Thenkarai is a panchayat town in Perur taluk of Coimbatore district in the Indian state of Tamil Nadu. Located in the western part of the state, it is one of the 33 panchayat towns in the district. Spread across an area of 12 km2, it had a population of 7,349 individuals as per the 2011 census.

== Geography and administration ==
Thenkarai is located in Perur taluk in Coimbatore division of Coimbatore district in the Indian state of Tamil Nadu. It is one of the 33 panchayat towns in the district. Spread across an area of 12 km2, it is located in the western part of the state.

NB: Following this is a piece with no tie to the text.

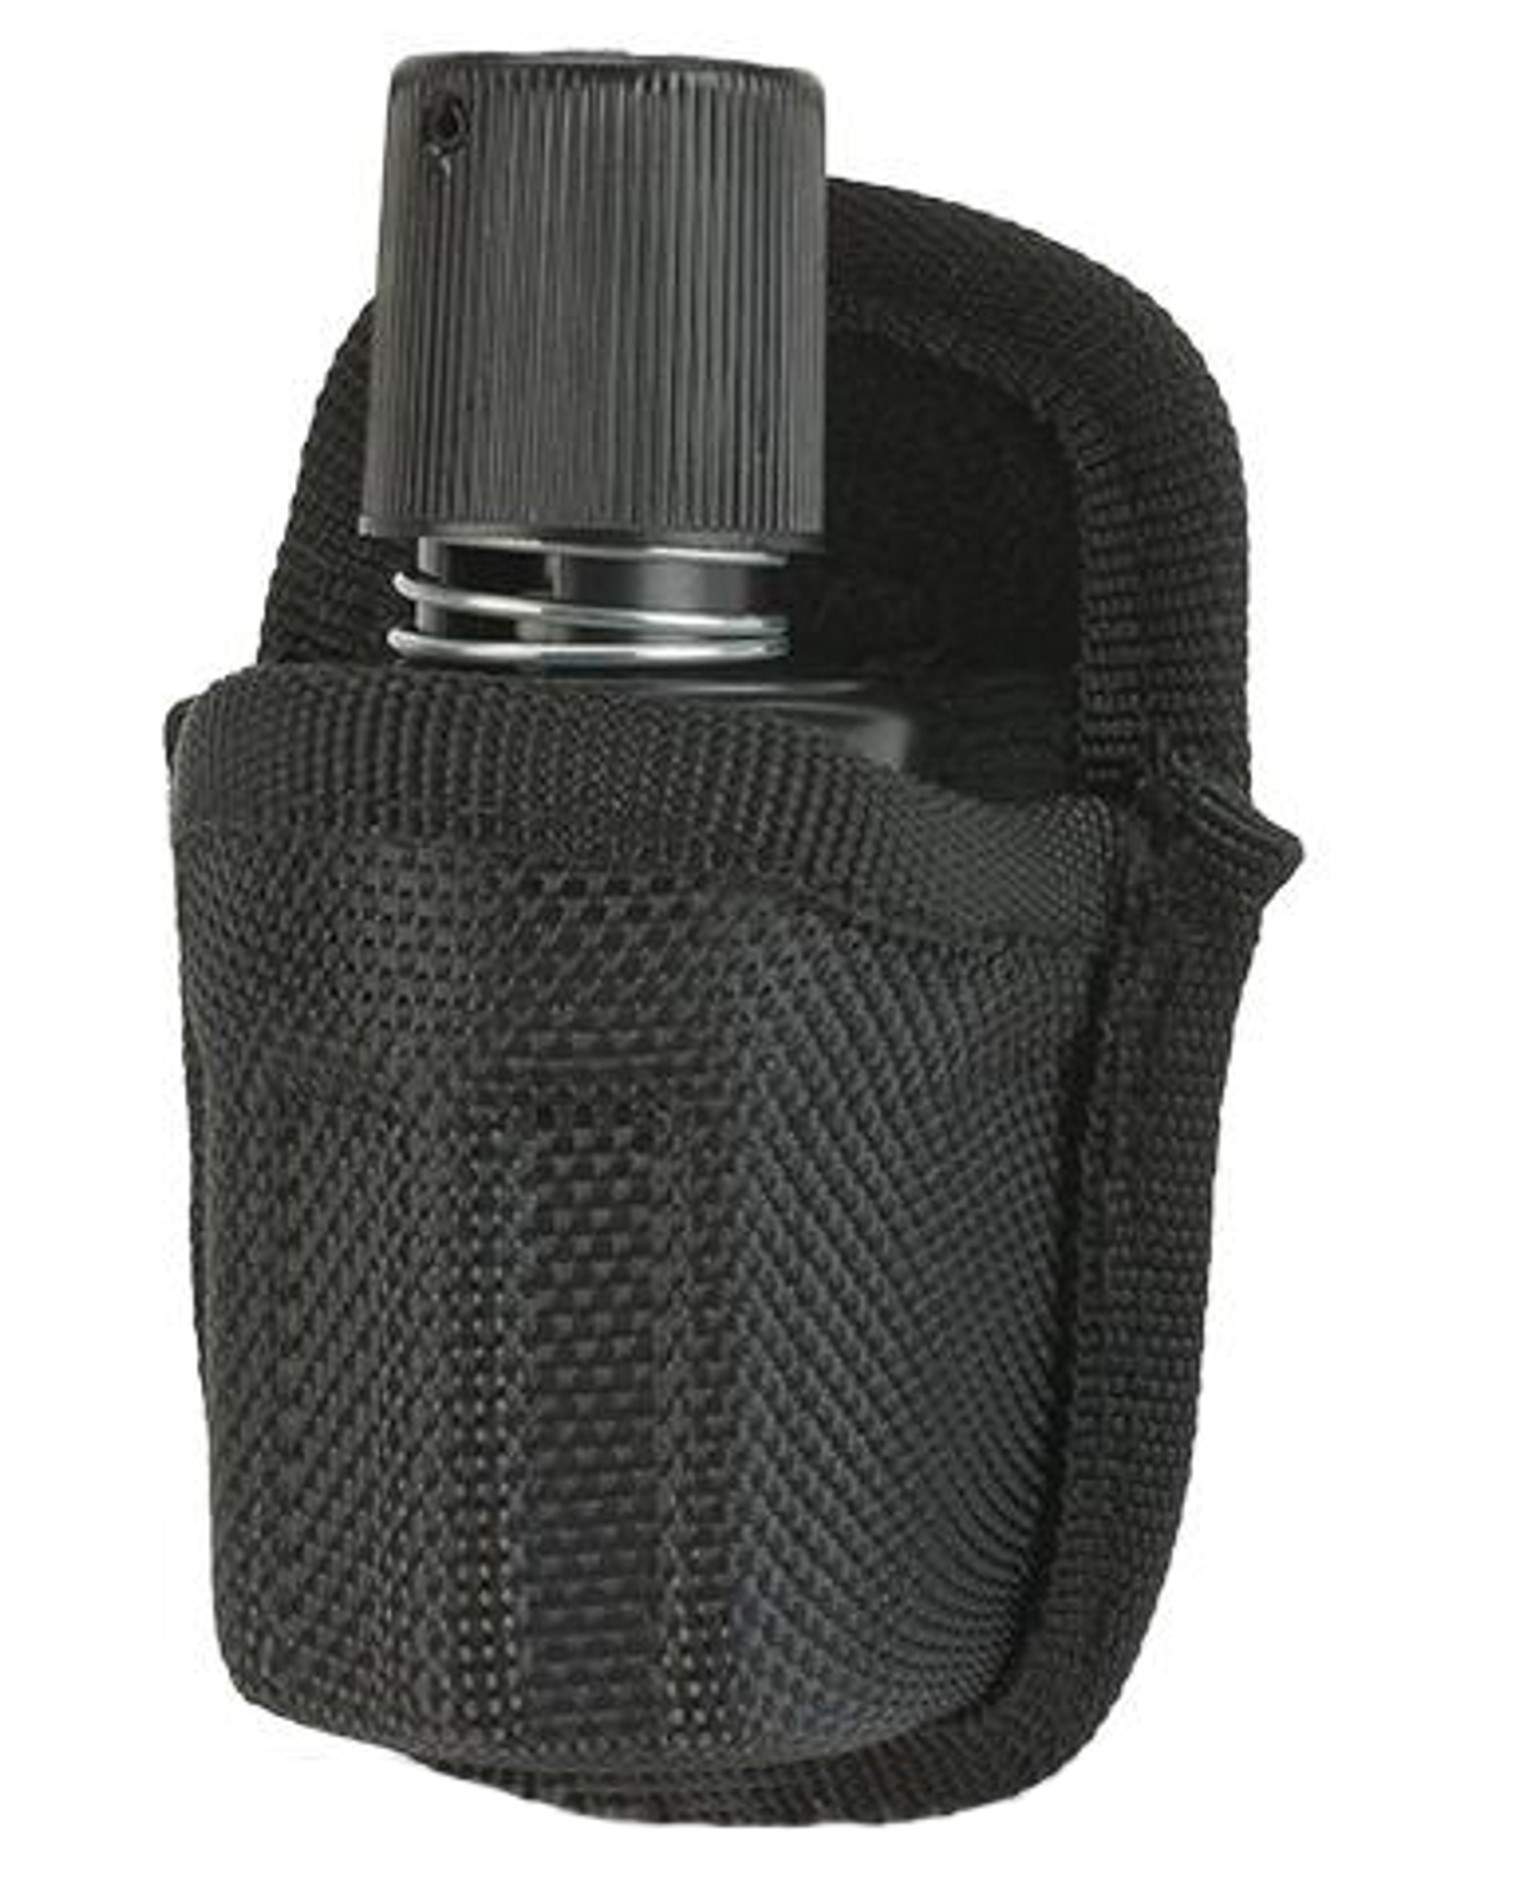 ASG Dan Wesson Tactical Revolver Speedloader Pouch - Black

The town panchayat is headed by a chairperson, who is elected by the members, who are chosen through direct elections. The town forms part of the Thondamuthur Assembly constituency that elects its member to the Tamil Nadu legislative assembly and the Pollachi Lok Sabha constituency that elects its member to the Parliament of India.

==Demographics==
As per the 2011 census, Thenkarai had a population of 7,349 individuals across 2,093 households. The population saw a marginal increase compared to the previous census in 2001 when 7,130 inhabitants were registered. The population consisted of 3,657 males	and 3,692 females. About 567 individuals were below the age of six years. About 13.8% of the population belonged to scheduled castes and 1% belonged to scheduled tribes. The entire population is classified as urban. The town has an average literacy rate of 64.8%.

About 57.7% of the eligible population were employed, of which majority were involved in agriculture and allied activities. Hinduism was the majority religion which was followed by 98.6% of the population, with Christianity (1.2%) and Islam (0.1%) being minor religions.